_COLLECTED MATERIAL_.
....

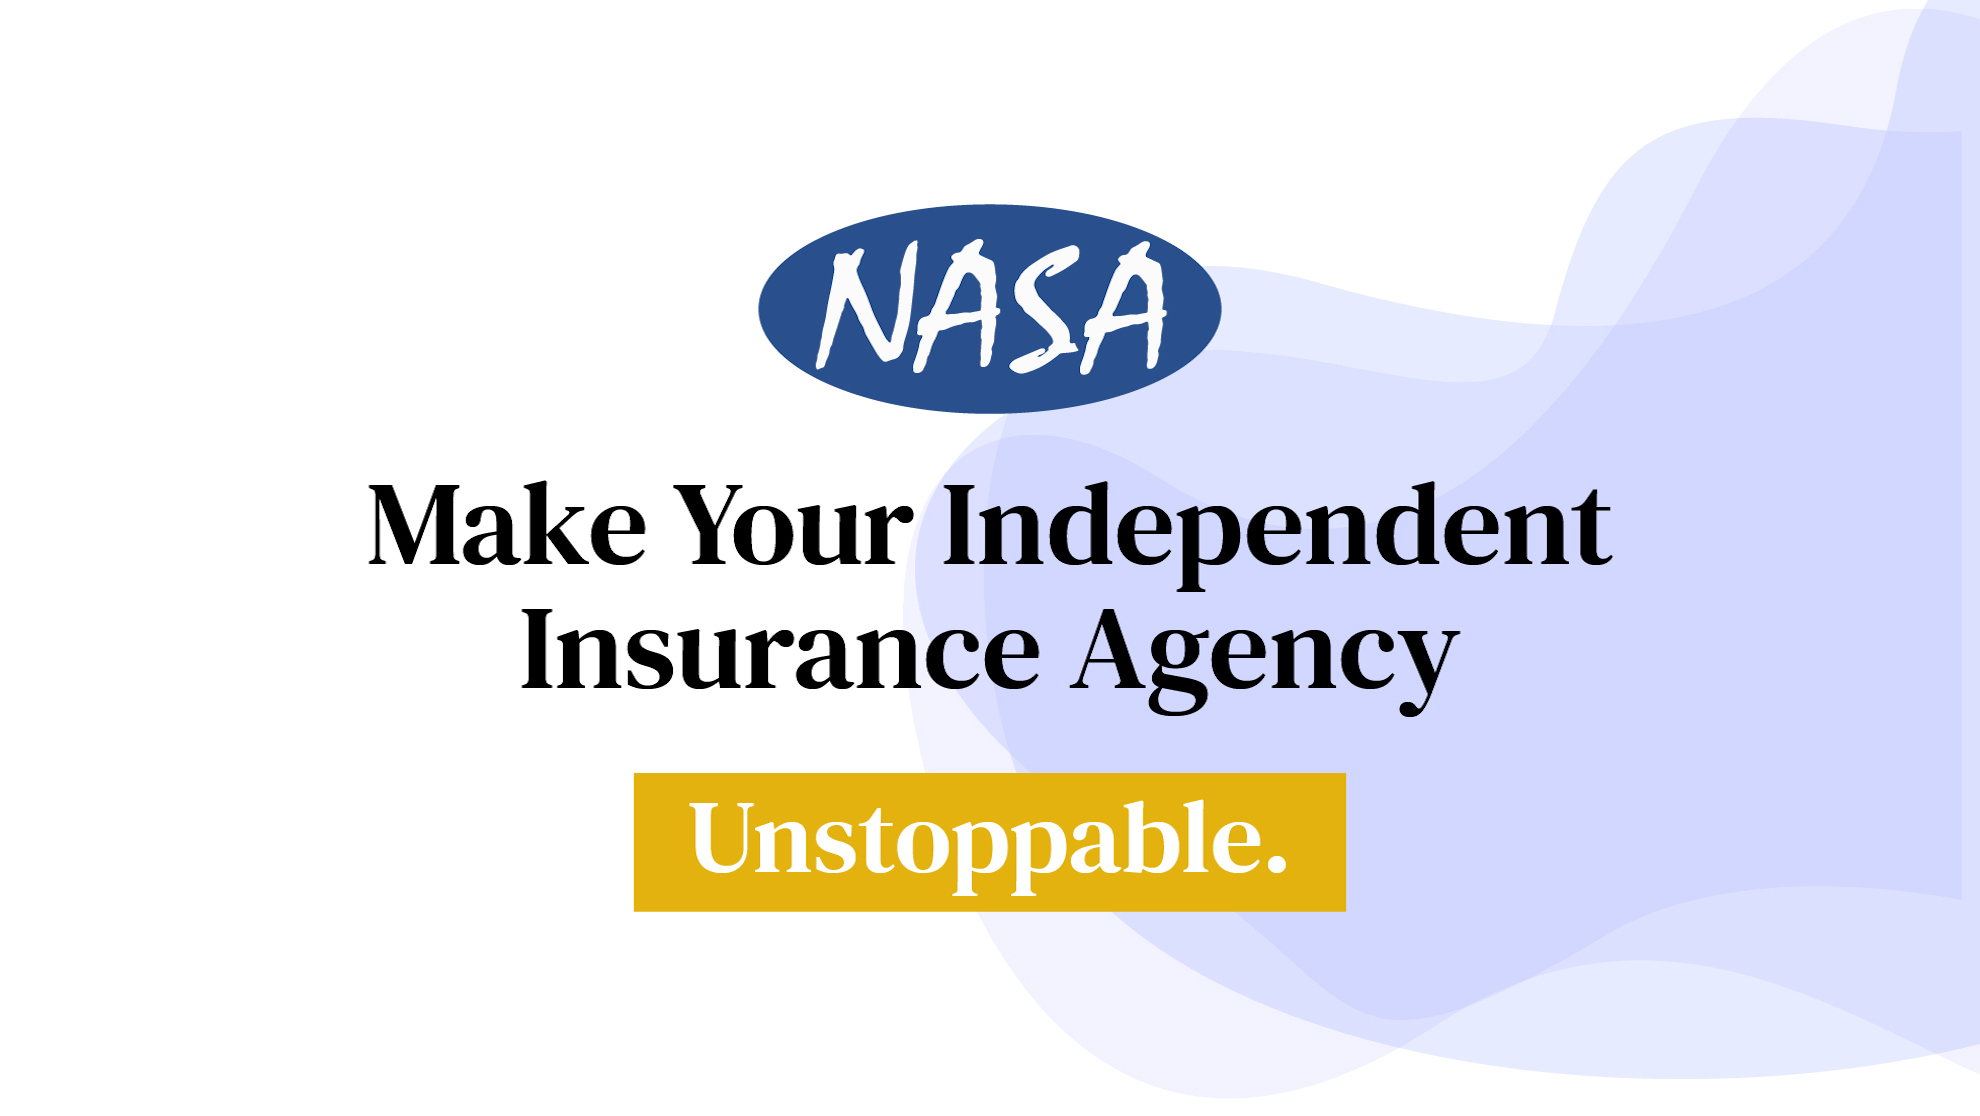 NASA-Animated-Video-05-24-21-2
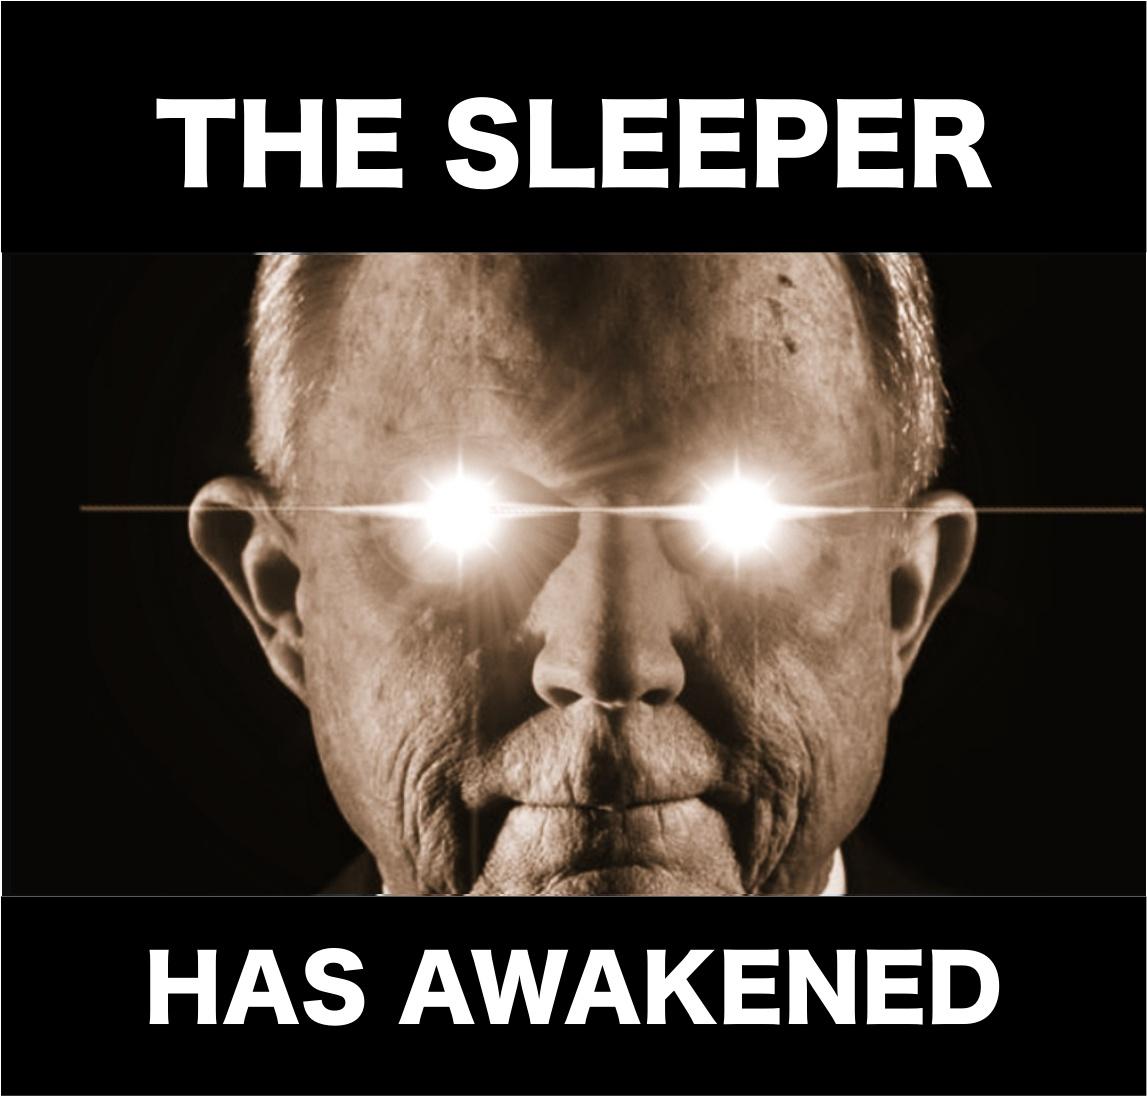 A Legend Exposed, a Renegade in the Killbox, and THE SLEEPER HAS AWAKENED! #RELEASETHETEXTS #QAnon #NewQ #GreatAwakening
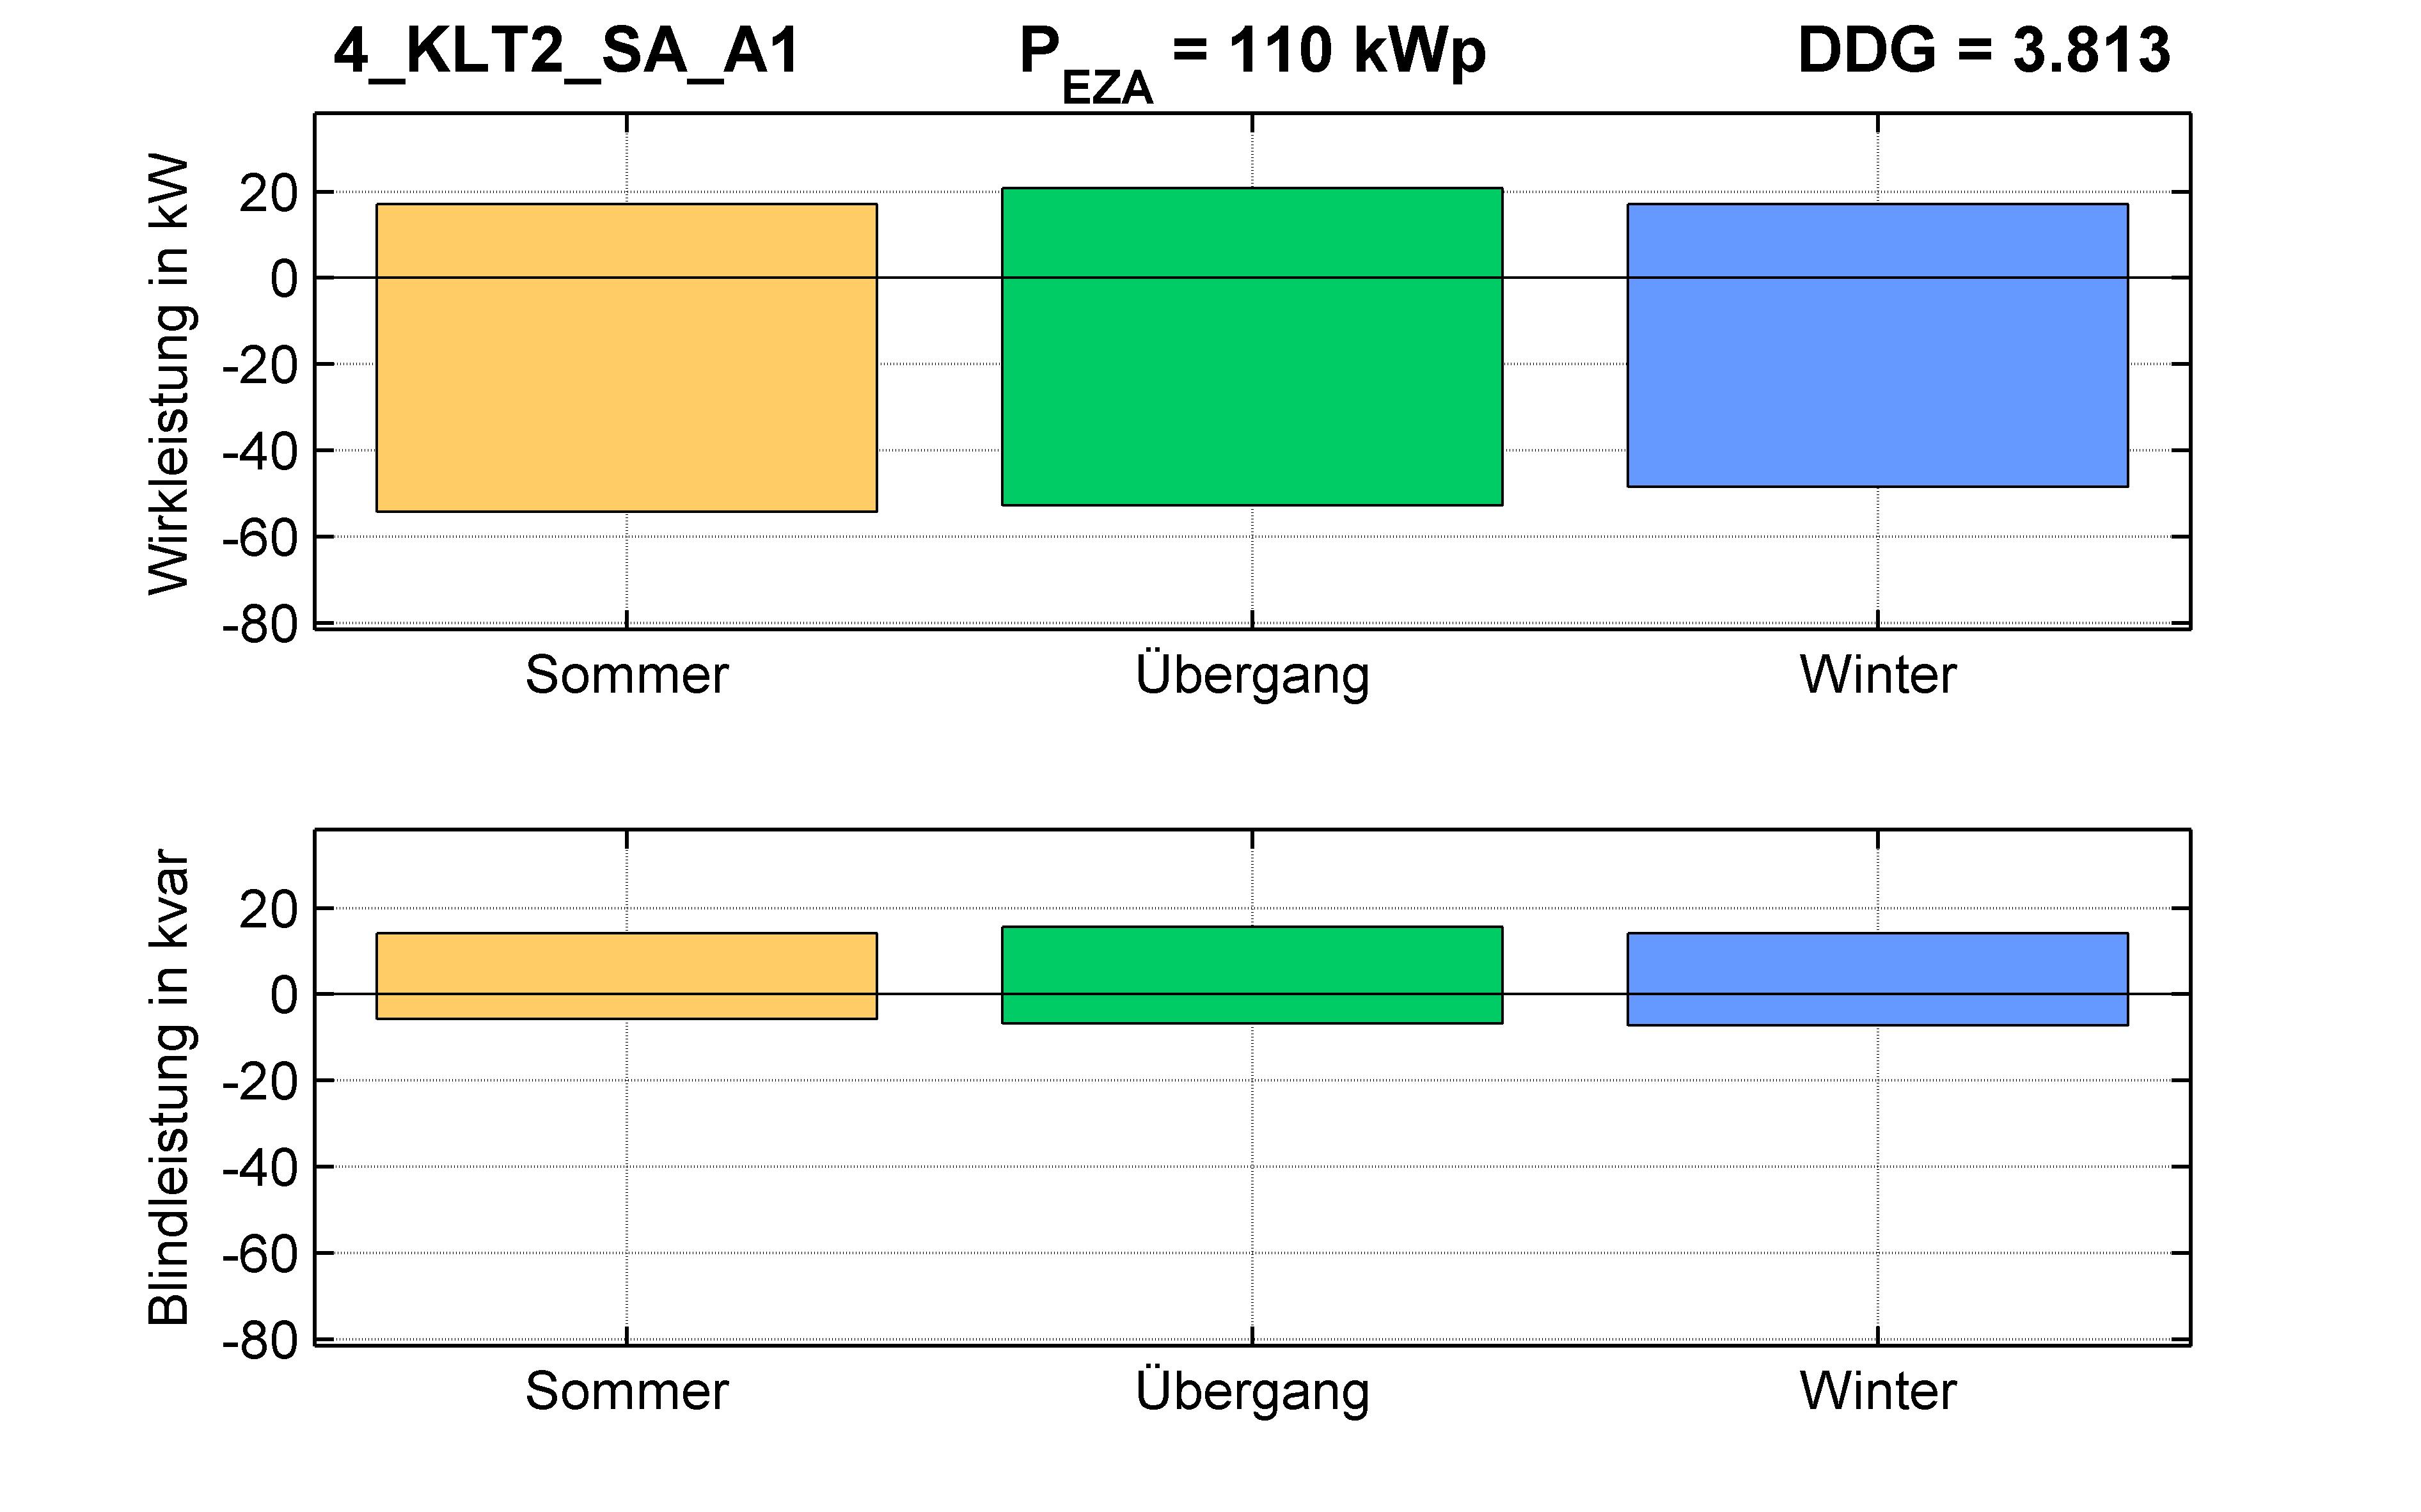 KLT2 | P-Kappung 55% (SA) A1 | PQ-Bilanz
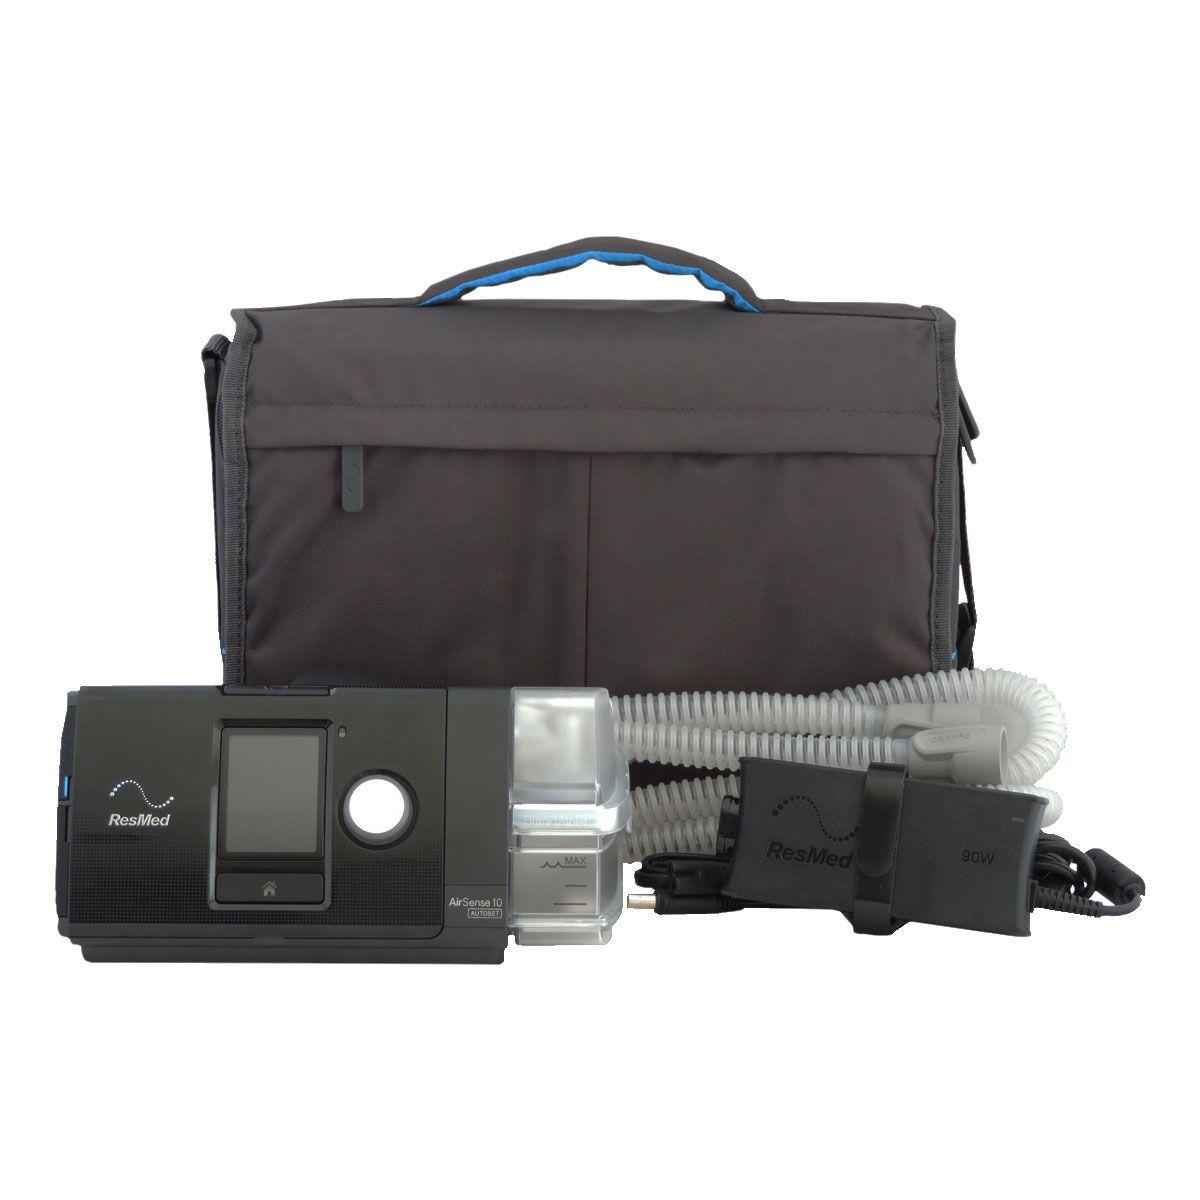 CPAP AIRSENSE 10 ELITE COM UMIDIFICADOR – RESMED É NA RESPIRECARE

....

_GOAL OF THE EXERCISE_.
Print only the lines from the line that contains "KLT2 | P-Kappung 55% (SA) A1 | PQ-Bilanz" to the final line of the data, inclusive. Pictures stay out.

_RESULT FOR THIS EXERCISE_.
 KLT2 | P-Kappung 55% (SA) A1 | PQ-Bilanz
 CPAP AIRSENSE 10 ELITE COM UMIDIFICADOR – RESMED É NA RESPIRECARE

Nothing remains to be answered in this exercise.